The characters’ worries and reasoning about whether or not they were screwing up the timeline were frustrating as well. There were far too many instances of them deciding that they had corrupted it-oh wait, no they hadn’t! (See, I swear, it wouldn’t have even been that hard to cut this.) And the actual solution...how was this a surprise? To ANY of them? Am I somehow wrong in thinking that “the time traveler’s actions are and always were part of the timeline” is one of the major theories of how time travel would work? They use it on Doctor Who and Supernatural all the time. Willis’ Oxford books take place in the future, and I’d think that, even if this is a future where time travel has proved possible and this particular theory of time travel has supposedly been disproved, the characters would at least be aware of it. They’ve got a good century of pop culture behind them to make use of, after all! But instead, they’re totally shocked by the possibility, like people in modern zombie films who are totally taken aback by the revelation that a bite means you’re a ticking zombie time bomb. This just makes the characters seem really alarmingly thick.

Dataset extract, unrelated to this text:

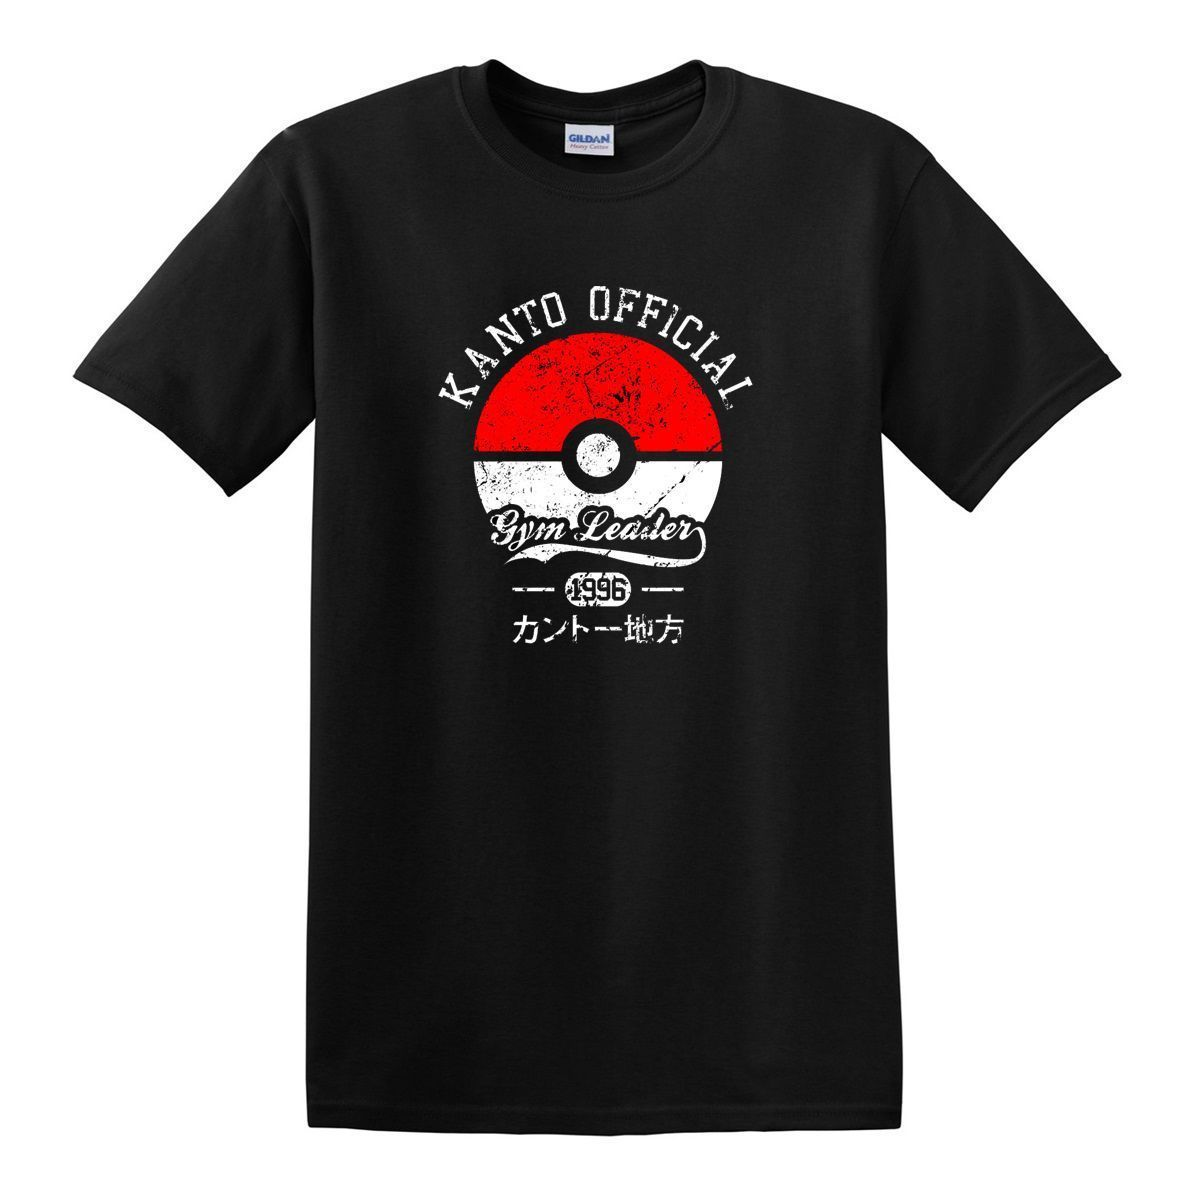 Kanto Gymer Leader Pokemon Go Trainer Game T-shirt New Fashion Mens Short Sleeve T Shirt Cotton Hot Cheap MenS

So far, I’m making it sound like these books totally aren’t worth reading at all, but this isn’t entirely true. They fail on a number of levels, but Willis succeeds on a number of others, too-just to confuse you, I guess. Her depiction of the Blitz is fantastic and brilliantly vivid: as a story of ordinary people pulling together in impossible circumstances, these books are powerful and believable. The characters, once you work through their multiple aliases (very confusing over two books) and get over the fact that they all seem to process information in a startlingly similar way (“But he didn’t”)-they are characters to root for. Both Colin and Sir Godfrey are divine romantic heroes, and Willis, as usual, knows how to tug on your heartstrings, to write sacrifices so they feel painful and fully-realized. Once I got over the 300-page hump, I zipped through the second half of All Clear in an afternoon because I needed to know what happened to everyone. There is something here, to be sure-a spark of a good novel-which in a way makes it even more of a shame that it’s buried under so much excess stuff. Oh, Max, Max: we need to invent time travel for you.

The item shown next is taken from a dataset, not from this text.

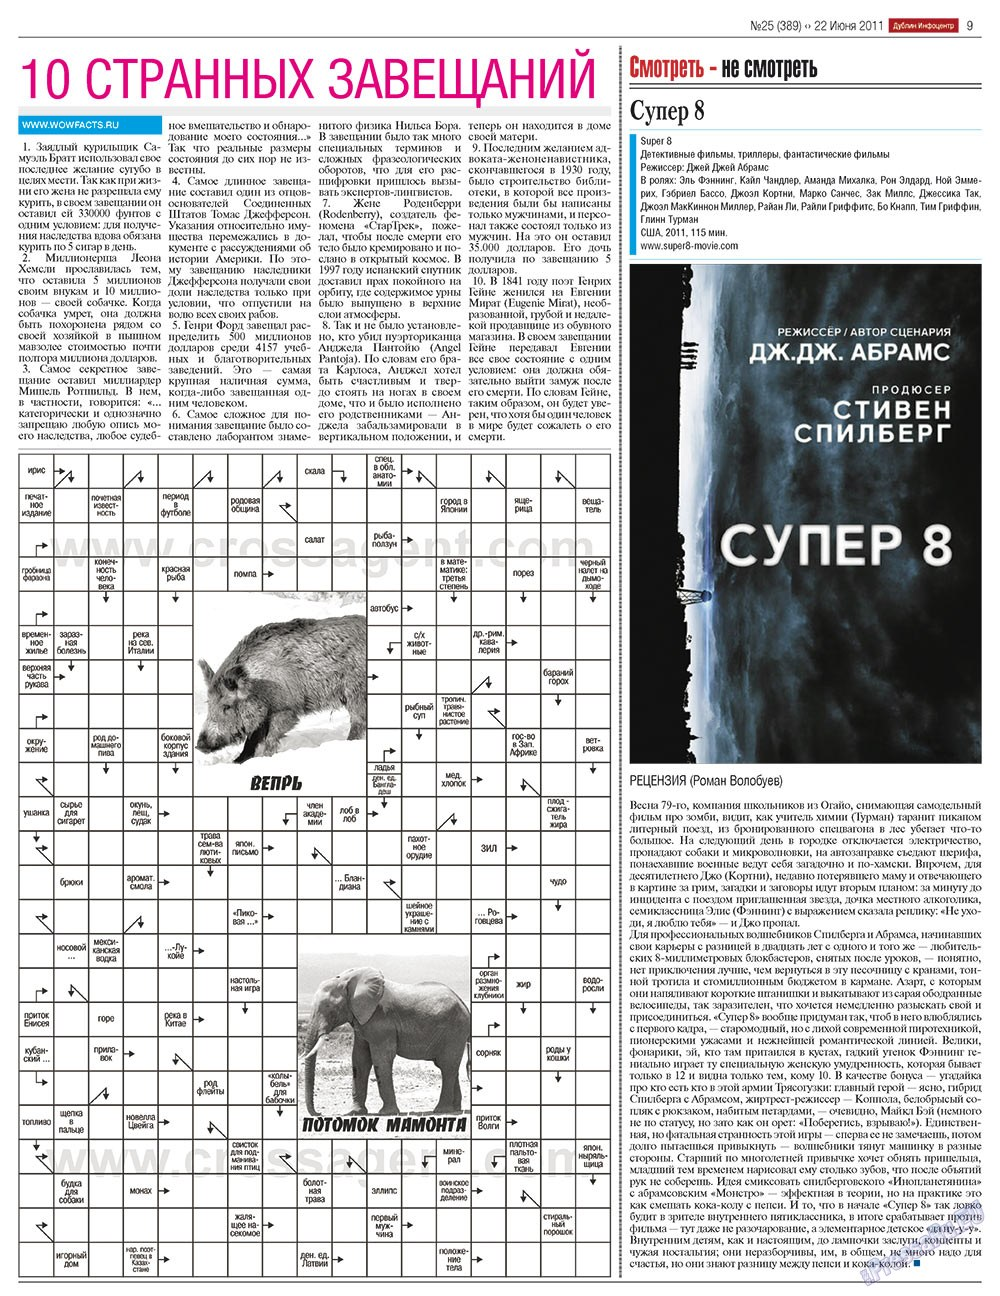 Дублин инфоцентр (газета). 2011 год, номер 25, стр. 9

68. Trickster, Ed. by Matt Dembicki - Graphic collection of a variety of Native American trickster myths, using the words of authentic sources and a variety of artists. Clever, sly, fucked up, surprising, expected, and ever-so-human: this is a genre of storytelling that never ceases to delight and entrance me.

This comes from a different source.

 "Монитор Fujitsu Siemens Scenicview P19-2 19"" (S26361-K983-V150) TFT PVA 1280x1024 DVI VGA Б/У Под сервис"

69. Catching Fire, Suzanne Collins - The middle volume in the series, and the one that probably stands out the least to me, although it’s a neat and essential bridge. I like how the reader’s dawning awareness of the rebellious forces are paired with Katniss’ own revelations. The second trip to the arena, which I worried would feel like a retread, is instead extremely well-done: Collins is amazingly adept at writing creepy booby traps; one hopes the Saw people never try to tap that talent. The cliffhanger is, however, immensely frustrating in an almost classically hilarious way: I actually did the “Man, there aren’t a lot of pages left here; how is she going to wrap this...wait a minute!” thing.

70. Rock and Roll Will Save Your Life, Steve Almond - A love song to the power of rock and roll. I loved that Almond looks at music as a writer: a frustrated writer who, like me, longs to write something, anything that can convey as much emotion as a three-minute song. I also enjoyed Almond’s soundtrack for the book, most especially for the discovery of Gil Scott-Heron’s version of “Me and the Devil.” Is Scott-Heron’s three-minute, thirty-four-second song more powerful than Almond’s whole book? Possibly, but that just proves Almond’s point.